И больше ничего не мог добиться царь. Иван или не мог, или не хотел рассказать, что его угнетает, что заставляет его в каком-то беспробудном пьянстве убивать свою молодую жизнь.
Наконец царь, интересовавшийся всё более и более странным поведением своего фаворита, обратился за разъяснением истины к его отцу.
– Что это с Ваней творится, Григорьич? – задал он вопрос старшему Долгорукому.
– Дурит он, ваше величество, и ничего больше.
– Да с чего дурить-то? Всё человек человеком был, а тут вдруг так изменился, что и узнать нельзя стало. Хоть ты бы его поспрошал, что ли.
Алексей Григорьевич досадливо отмахнулся рукой.
– Спрашивал.
– Ну, а он что?
– У него один ответ: «Хочу-де гулять, потому и гуляю!» Нешто он отца ценит! Ведь ноне, ваше величество, дети-то какие пошли: ты ему слово, а он тебе двадцать; ты ему пальцем погрозил, а он на тебя с кулаками лезет.
– Ну, Ванюша-то, чай, не таков?
– Был не таков, а теперь Бог знает что с ним сталось! Просто приступу никакого нет!

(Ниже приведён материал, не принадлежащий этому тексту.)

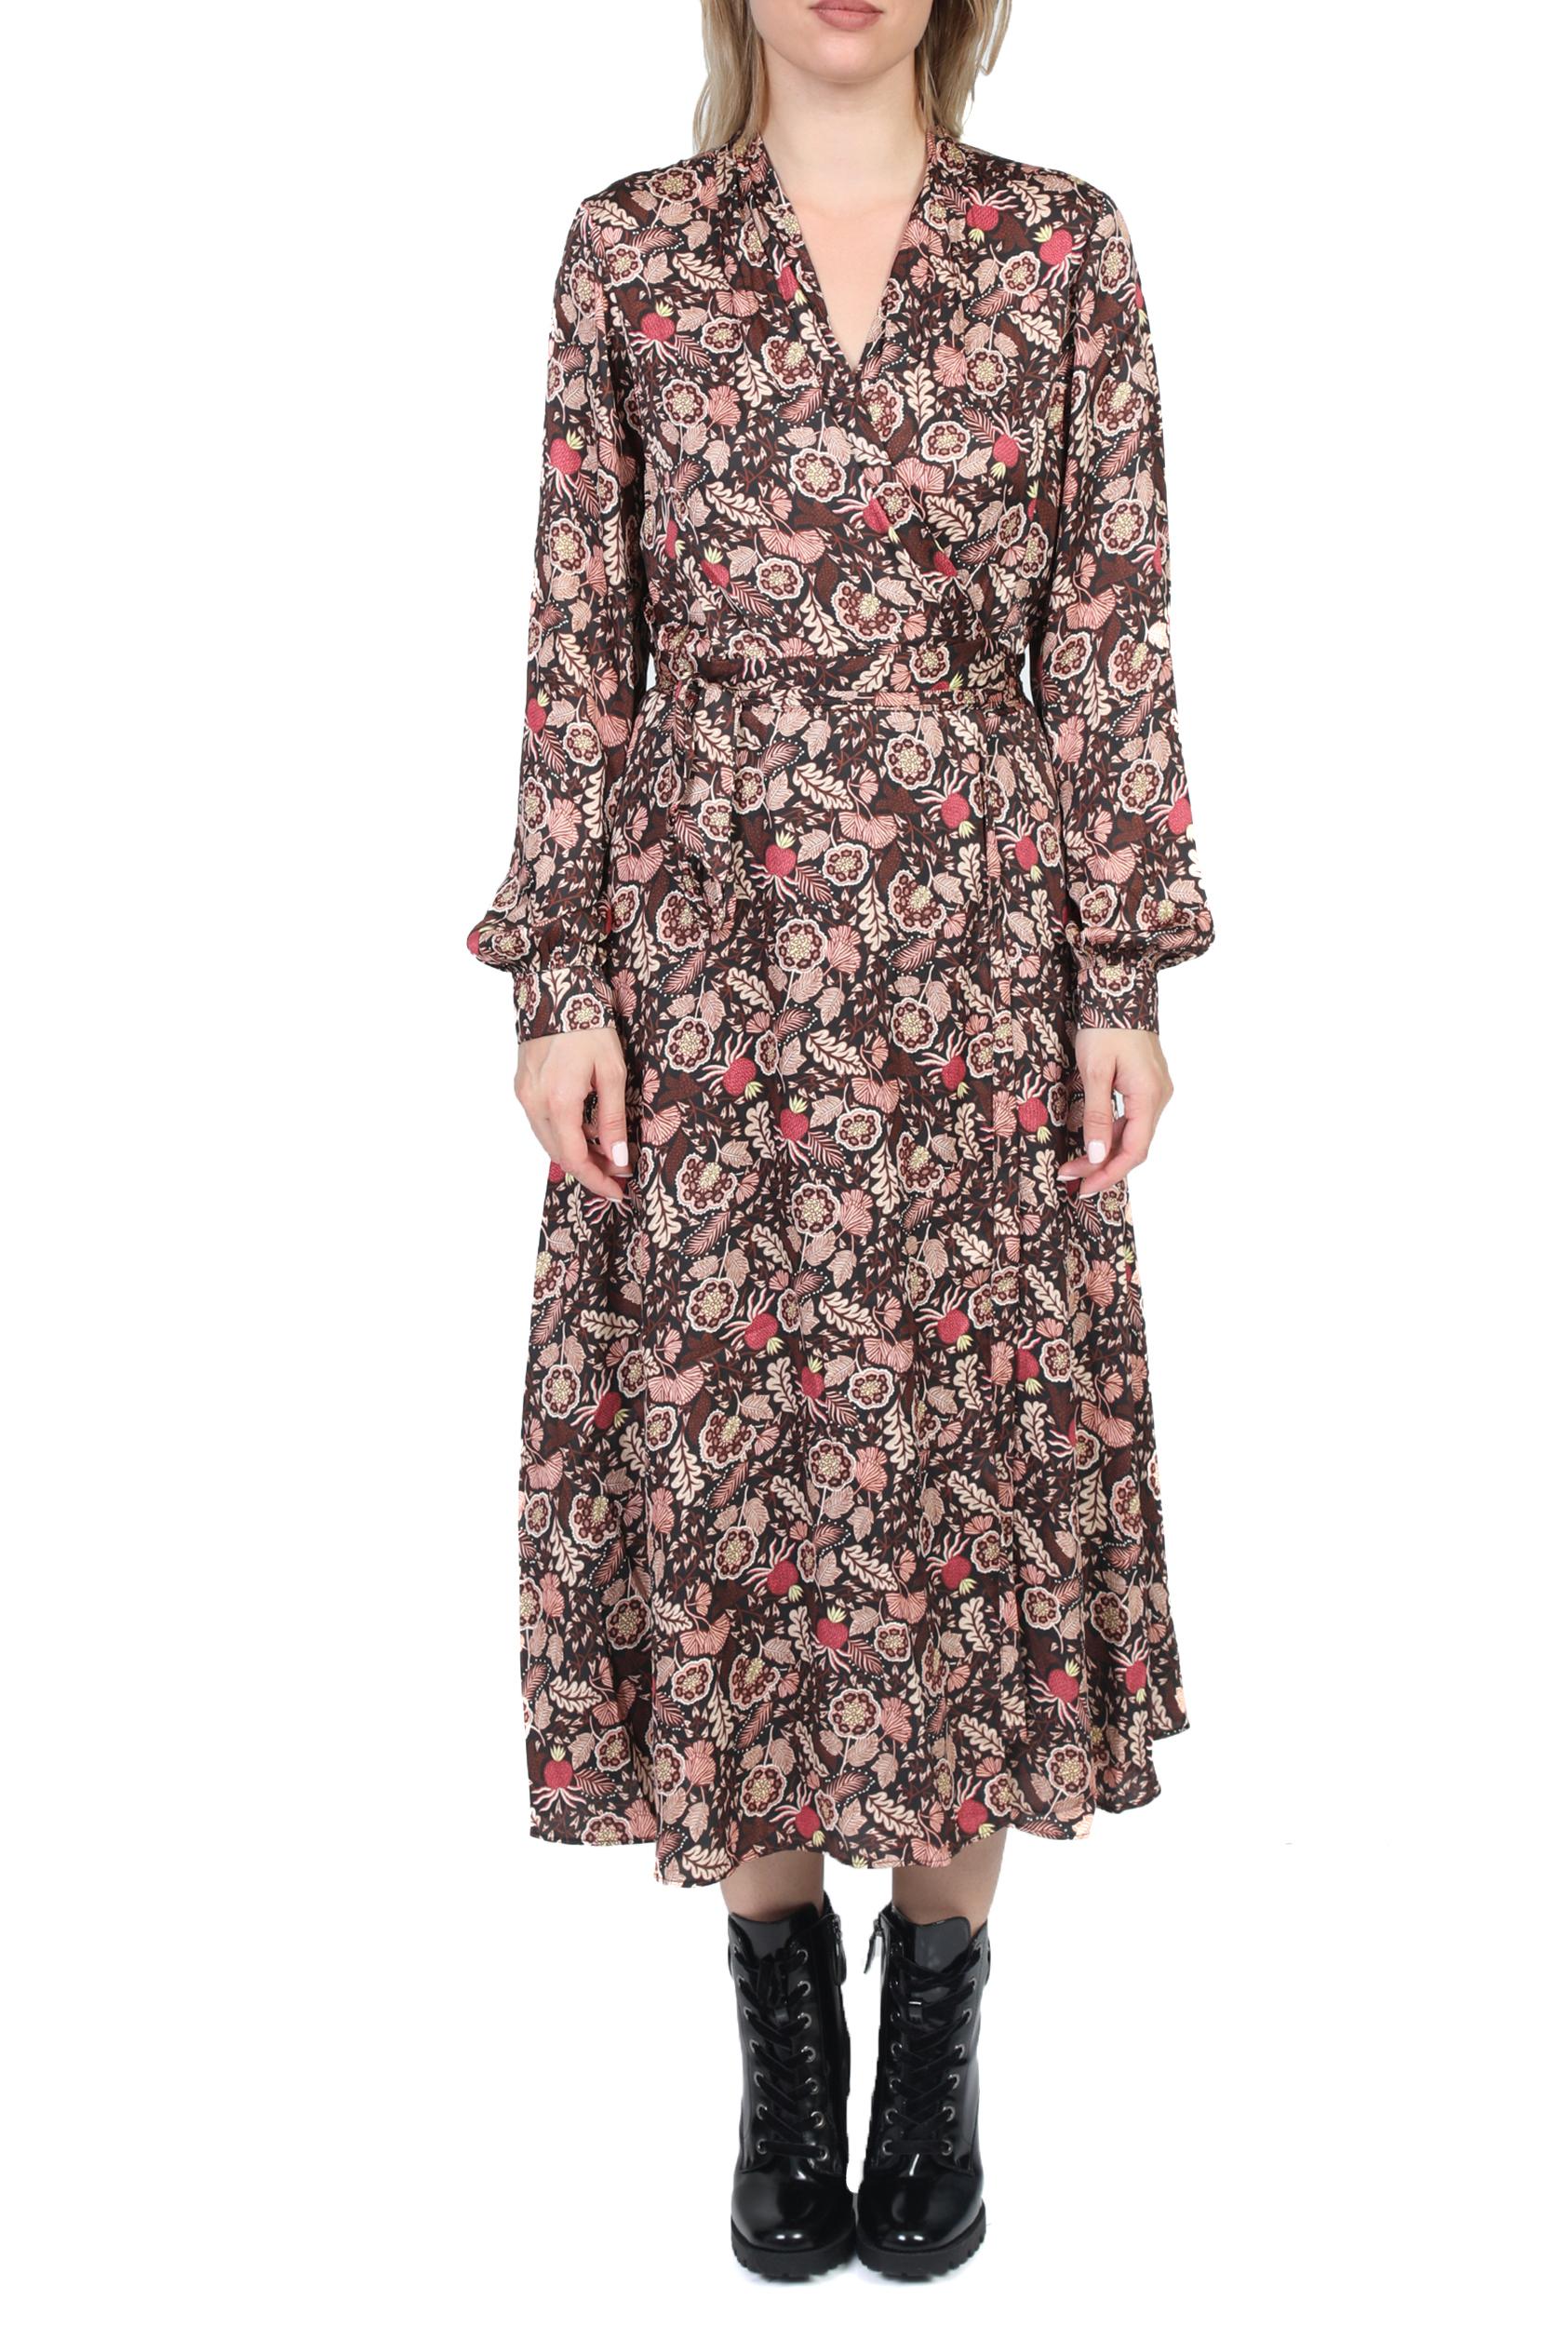 SCOTCH & SODA - Γυναικείο midi φόρεμα SCOTCH & SODA καφέ φλοράλ

Царь на минуту задумался, потом быстро сказал:
– А знаешь, Григорьич, у Вани какое-то горе, должно, есть.
– Какое у него горе! – пренебрежительно отозвался Долгорукий. – Дурости в нём, точно, что много.
– Ну, это не скажи! – возразил Пётр. – Совсем он не таков стал, каким был прежде: и похудел, и побледнел, и глаза такие грустные стали. Нет, Григорьич, не говори! С Ваней что- то случилось. Вот если бы ты расспросил его, да расспросил толком, очень бы я тебе благодарен был. Может, мы чем ему и помочь сумеем.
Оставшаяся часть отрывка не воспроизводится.